A disclaimer, release or surrender can be a helpful tool to alter a trust. For example, a parent who is given a life interest in a trust may wish to disclaim the interest, in hopes that his or her children, as capital beneficiaries, will receive the trust property sooner. At other times, execution of a disclaimer may be an effective way to “cure” a tainted spousal trust. The law in this area is complex, sometimes conflicting and evolving.
Many factors go into determining the ultimate effect of a disclaimer, release or surrender. The CRA folio is an updated and helpful resource for assessing one of these factors. This blog post and my next on November 5 will summarize some of the tax consequences of disclaiming, releasing or surrendering an interest in a trust.

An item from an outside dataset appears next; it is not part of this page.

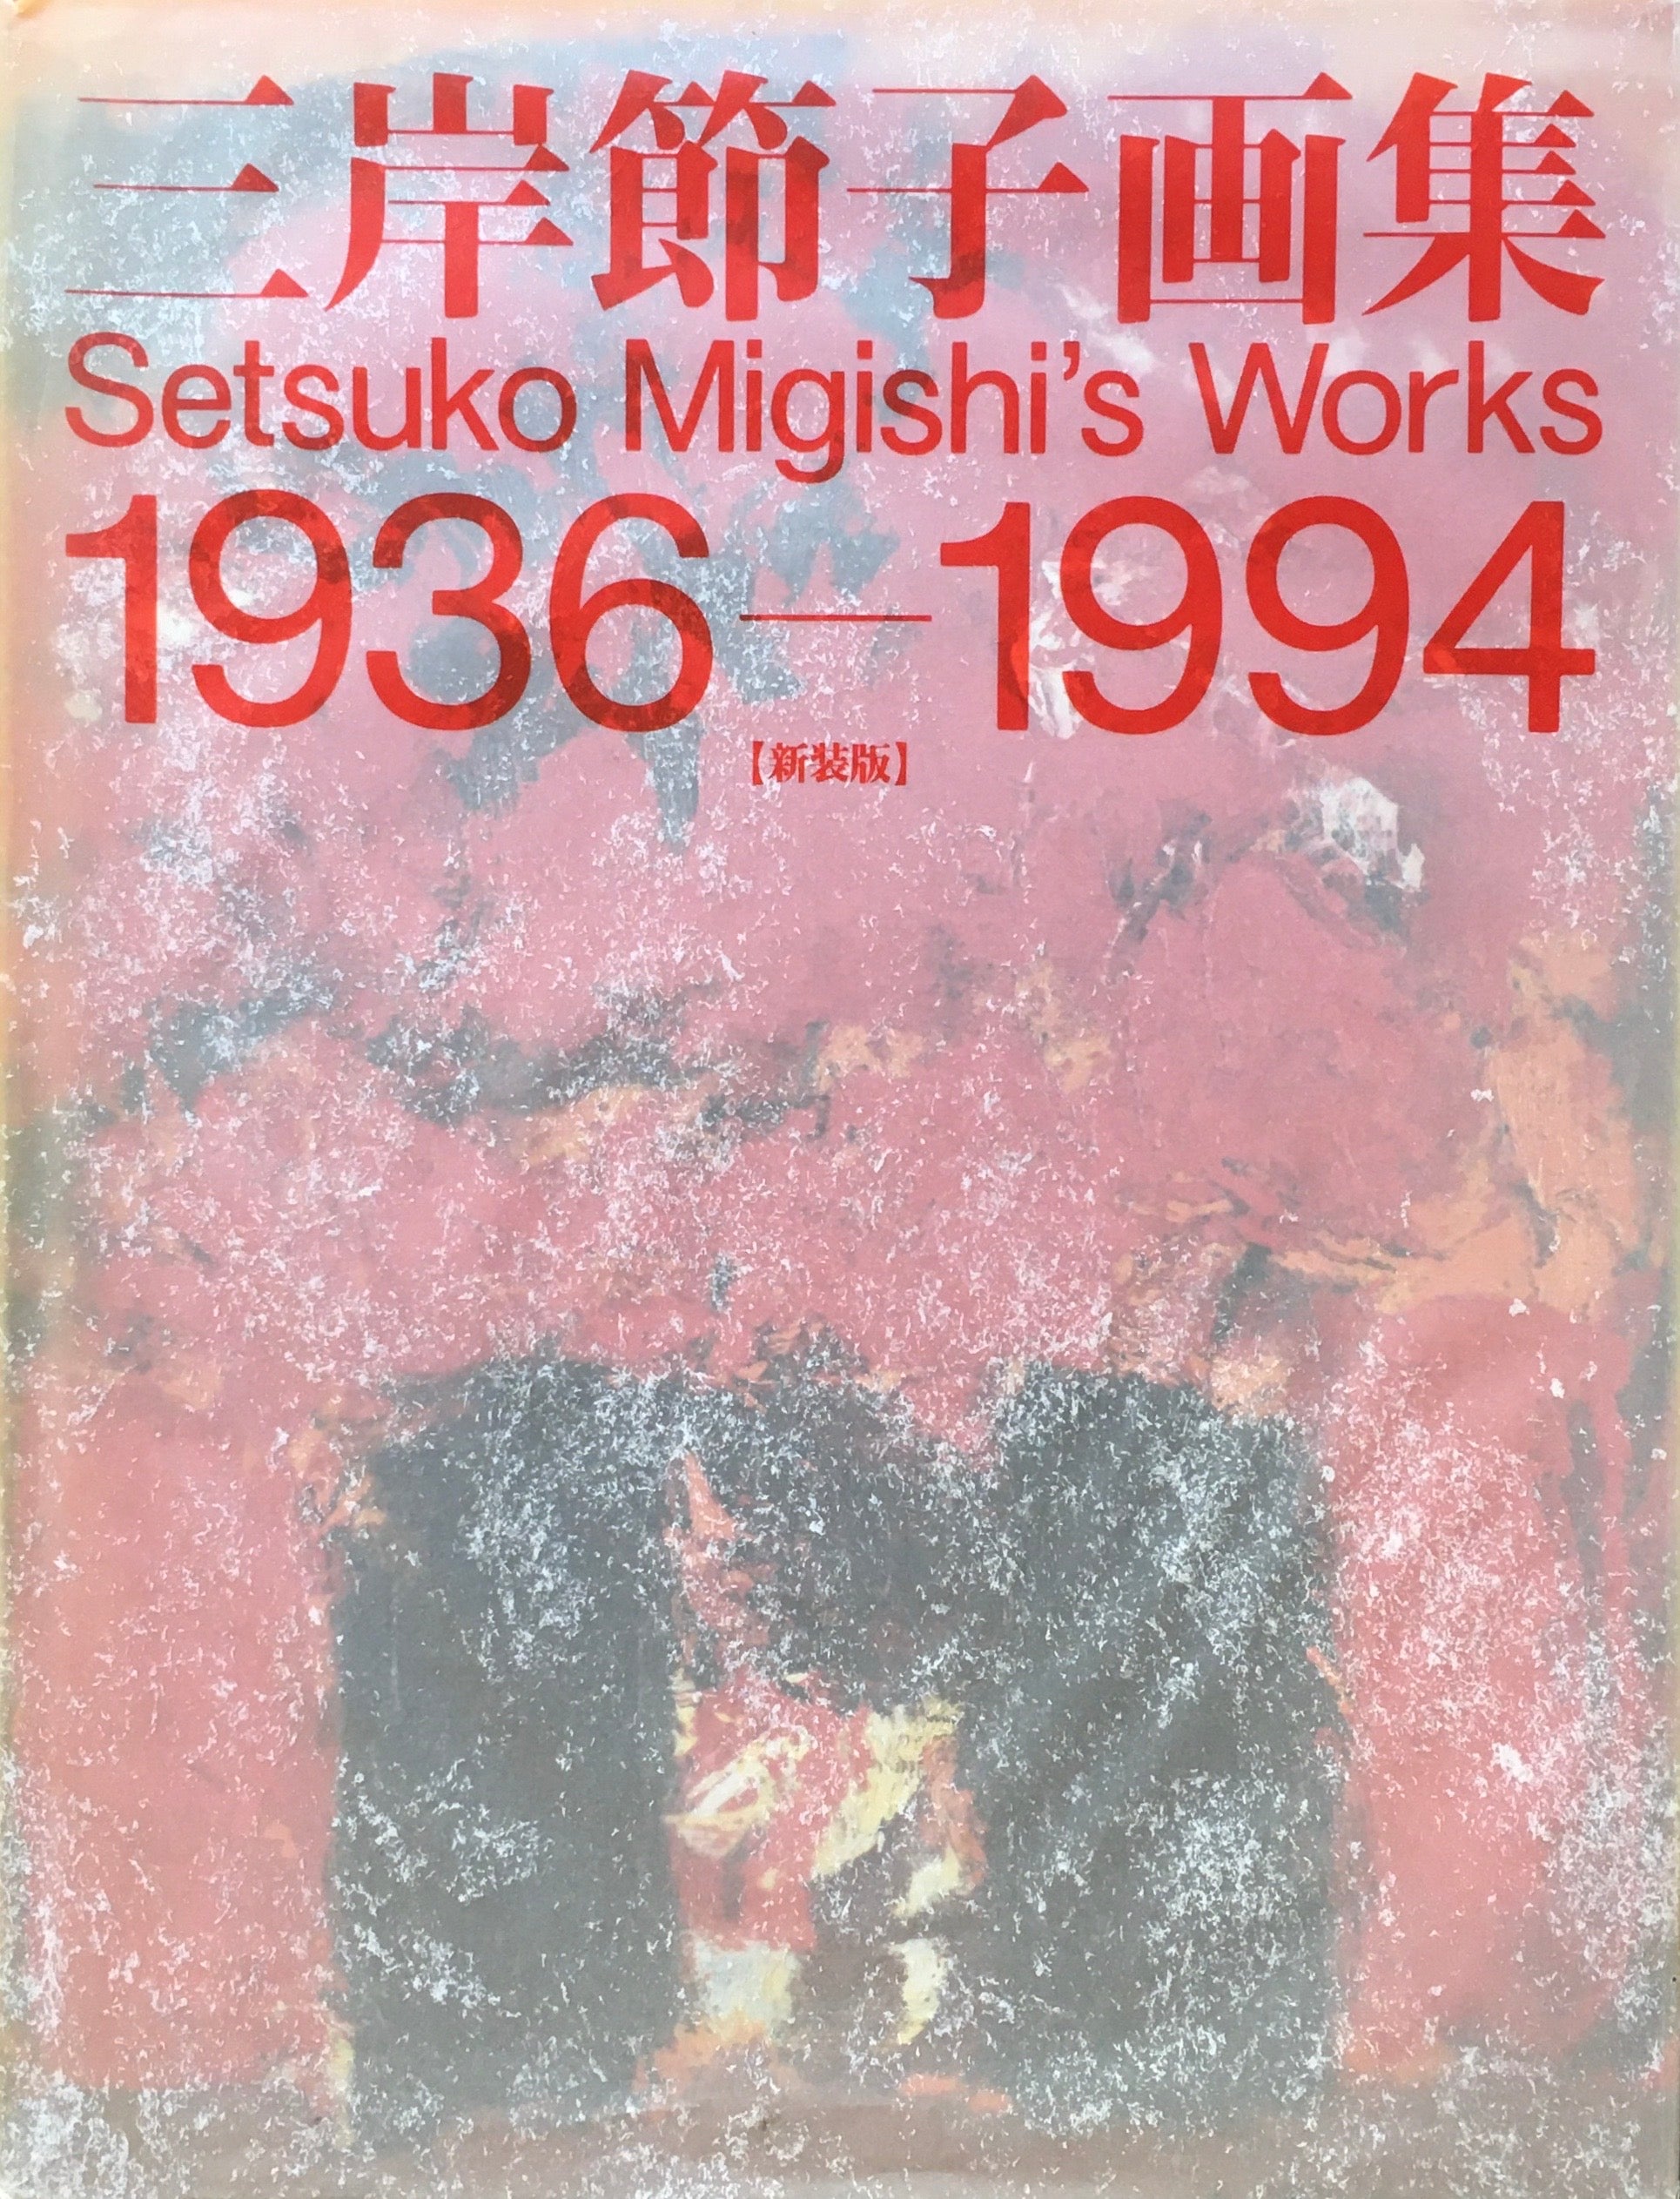 三岸節子画集 新装版 1936-1994 – smokebooks shop
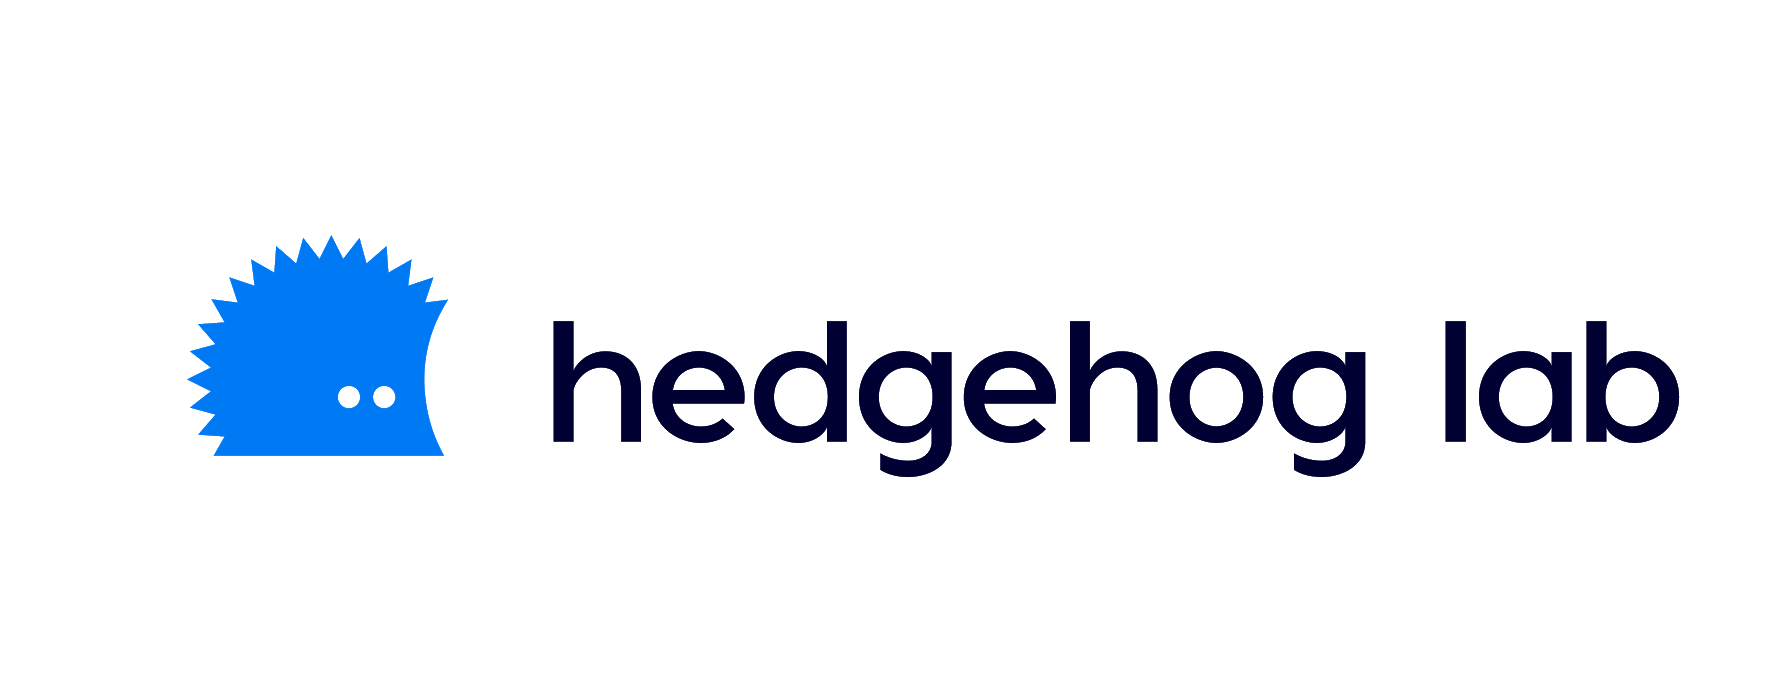 Hedgehog app design company

It is the CRA’s position that, in order for a person to disclaim an income interest in a trust, it must be the case that:
- The disclaimer is executed at the time the taxpayer becomes aware of the interest or at a reasonable time thereafter;
- The person has not accepted any funds from the trust in respect of his or her income interest at the time the disclaimer is made; and
- The disclaimer is not made in favour of another person.
A disclaimer is a refusal to accept a gift. The taxpayer is considered to have never received the interest. The disclaimer is therefore not a disposition by the taxpayer and accordingly it is not necessary to include the fair market value of the interest in the taxpayer’s income.
It is sometimes important that the disclaimed property be considered to have been transferred “as a consequence of death” (e.g. where a disclaimer is used to fix a tainted spousal trust). Subsection 248(8) provides that a disclaimer, release or surrender of property gifted under the Will of the taxpayer or on the intestacy of a taxpayer will be considered to have been made as a consequence of the taxpayer’s death only if the disclaimer is made within 36 months of the taxpayer’s death (unless ministerial consent is obtained for an extension of this period).
Although not mentioned in the folio, the CRA has in the past indicated that the principles regarding a disclaimer, release or surrender of an income interest in a trust apply equally to a disclaimer, release or surrender of a capital interest in a trust.
 The CRA’s second requirement, that the person has not accepted any funds from the trust, appears to be in conflict with the current state of the common law in Ontario. In the Ontario Court of Appeal decision of R. v. Coulson, 16 OR (2d) 497 (1977), a taxpayer was permitted to make a partial disclaimer of her income interest in a trust, despite already having received income payments from the trust. However, this decision was highly criticized for departing from the traditional rule that a disclaimer is only possible before a gift has been accepted.